Loading Data

Loading Data#

Download Rmd Version#

If you wish to engage with this course content via Rmd, then please click the link below to download the Rmd file.

Exercises incomplete: Download Loading_data.Rmd Exercises complete: Download Loading_data_complete.Rmd

Learning Objectives#

Understand the process of loading data into R from various file formats, including CSV and other delimited files
Use the readr package to read data from files and understand its advantages over base R functions
Specify and control data parsing options to ensure accurate data import
Handle different data types (e.g. strings, dates, numbers) correctly during data import
Parse data explicitly using column specifications to avoid incorrect assumptions about data types

Introduction#

The package readr provides functions for reading data from ‘flat’ files, such as csv or other delimited files. The functionality provided by readr offers some advantages over the base R functions available for performing the same task.

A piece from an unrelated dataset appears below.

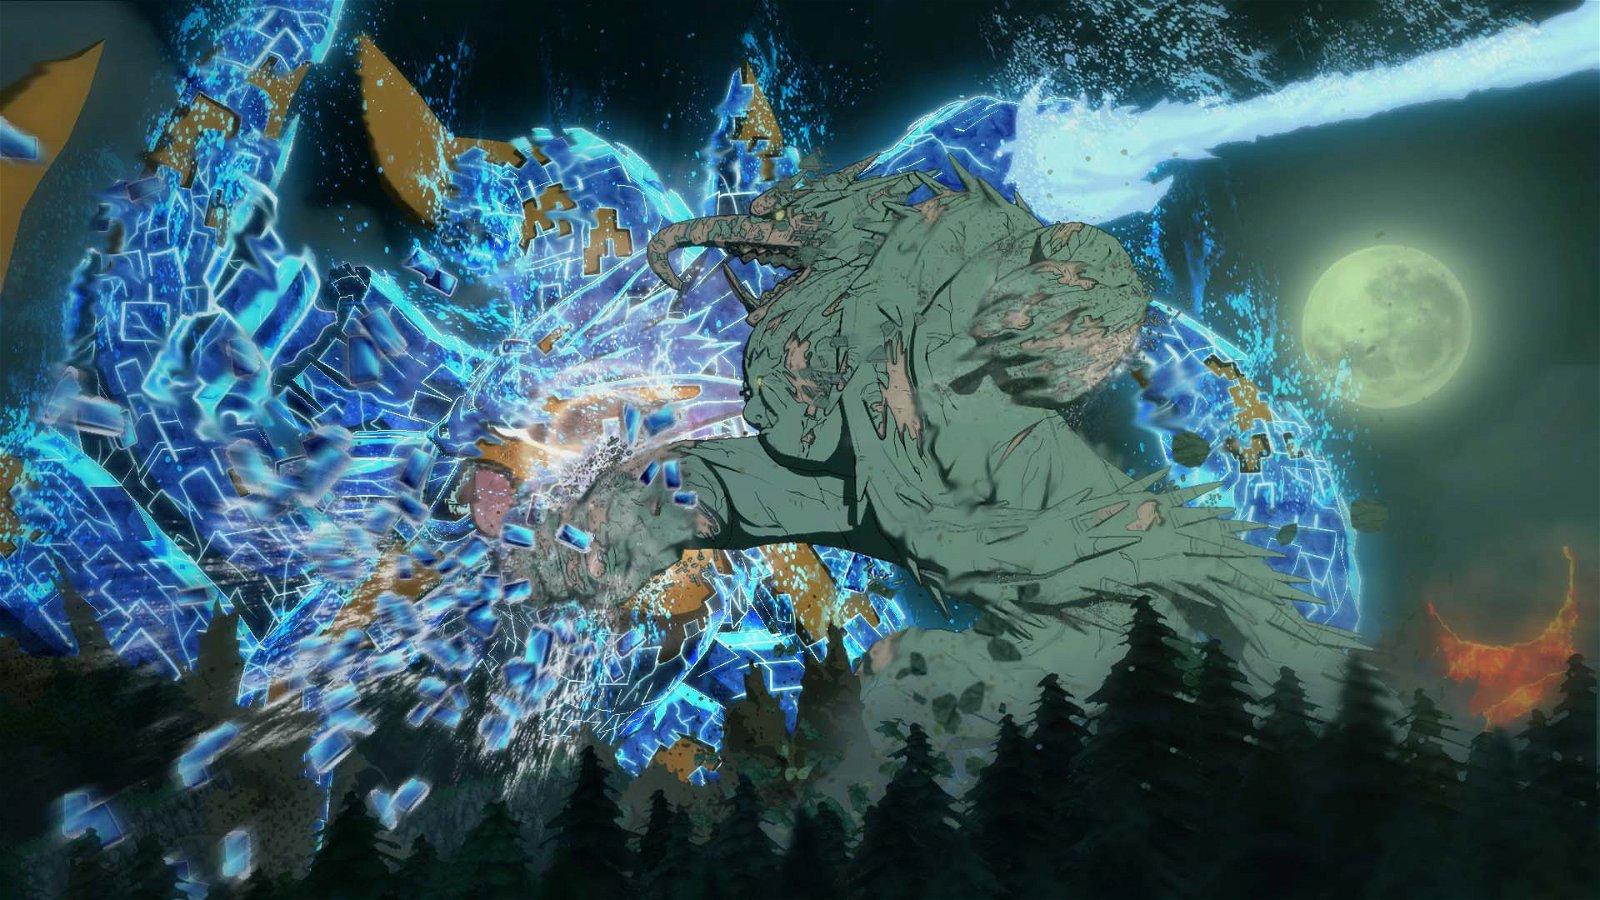 Naruto Shippuden Ultimate Ninja Storm 4 (Ps4) Review 1

Loading data from a csv file#

You may have used the R function read.csv to load data from a csv file into a dataframe:

# Read in ./data/timeseries_data.csv
timeseries <- read.csv("./data/timeseries_data.csv")
print(timeseries)

This is fine in a lot of cases, however, note some assumptions have been made. For example, in the above, the Id column is read as an integer and the Date column is read in as a string. In fact, the original data file records the Id with padded zeros, like so:

Id,Date,X_variable,Y_variable
001,2024-02-01,1.1967837194583961,7.900464364159182
002,2024-02-02,-0.7507563344053951,12.690405000912477
003,2024-02-03,-0.7850492689583279,10.280088829160382
004,2024-02-04,-0.6185457481359723,10.073199260115578
005,2024-02-05,0.6188251316696602,9.183892504016947
006,2024-02-06,-1.295559729374875,4.830591718912964
007,2024-02-07,-1.0478610080617479,11.950495760617637
008,2024-02-08,1.2772821688688454,7.008456322119265
009,2024-02-09,-0.06582643175389392,3.4034822391265145
010,2024-02-10,-0.07455295463910701,11.6370557133845

What we really want is to read the Id as a string and the Date as a date object.

The read_csv function from the readr package is more ‘shouty’ about assumptions made when parsing the data, and can have better default interpretations. For example:

timeseries <- readr::read_csv("./data/timeseries_data.csv")

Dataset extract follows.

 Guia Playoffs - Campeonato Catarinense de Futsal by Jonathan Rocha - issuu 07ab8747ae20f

Notice how it has explicitly told us that

Id is parsed as a string (which is what we wanted!)
Date is parsed as a date (more about dates later in the course).
X_variable and Y_variable are parsed as doubles, as expected.

In general, it’s good practice to be explicit about how we parse data from files, rather than assuming the defaults will work. For example, we’ve no way of knowing whether the readr package maintainers will decide in the future to interpret padded numbers as in the Id column as integers.

We can be explicit about how columns are parsed by using the col_types optional argument. The general way to do this is to supply a list with names being the column names and values being a column specifier, readr::col_<data-type>():

readr::read_csv("path/to/data.csv",
                col_types = list(colA = readr::col_logical(),    # column colA is a boolean
                                 colB = readr::col_integer(),    # column colB is an integer
                                 colC = readr::col_double(),     # column colC is a floating point number
                                 colD = readr::col_character(),  # column colD is a string
                                 colE = readr::col_date(),       # column colE is a date
                                 .default = readr::col_double()  # columns are floating point numbers
                                                                 # unless specified otherwise
                                 ))

Note: For a full list of the available column specifiers, run vignette("readr") in the R console.

So, to specify that we want to read the Id column as a string, the Date column as a date, and the remaining columns as floating point numbers:

timeseries <- readr::read_csv("./data/timeseries_data.csv",
                              col_types = list(Id = readr::col_character(),
                                               Date = readr::col_date(),
                                               .default = readr::col_double()))
print(timeseries)

Notice how the informational message about parsing has gone away, because we explicitly gave the types.

Exercise: parsing data from files#

Change the above so that the Id column is parsed as an integer and the Date column is parsed as a string.

Solution

timeseries <- readr::read_csv("./data/timeseries_data.csv",col_types = list(Id = readr::col_integer(),Date = readr::col_character(),.default = readr::col_double()))
print(timeseries)

Other file formats#

There are related packages in the Tidyverse ecosystem that provide support for reading data from file types other than csv:

readxl: package for reading data from Excel workbooks.
googlesheets4: package for reading data from Google Sheets spreadsheets.

We also mention here the ncdf4 package for reading NetCDF files (not part of the Tidyverse).

Summary Quiz#

Which function is used to read CSV files into R using the `readr` package?

What is the advantage of using the `readr` package over base R functions for reading data?

Which argument in the `read_csv` function is used to specify the data types of column explicitly?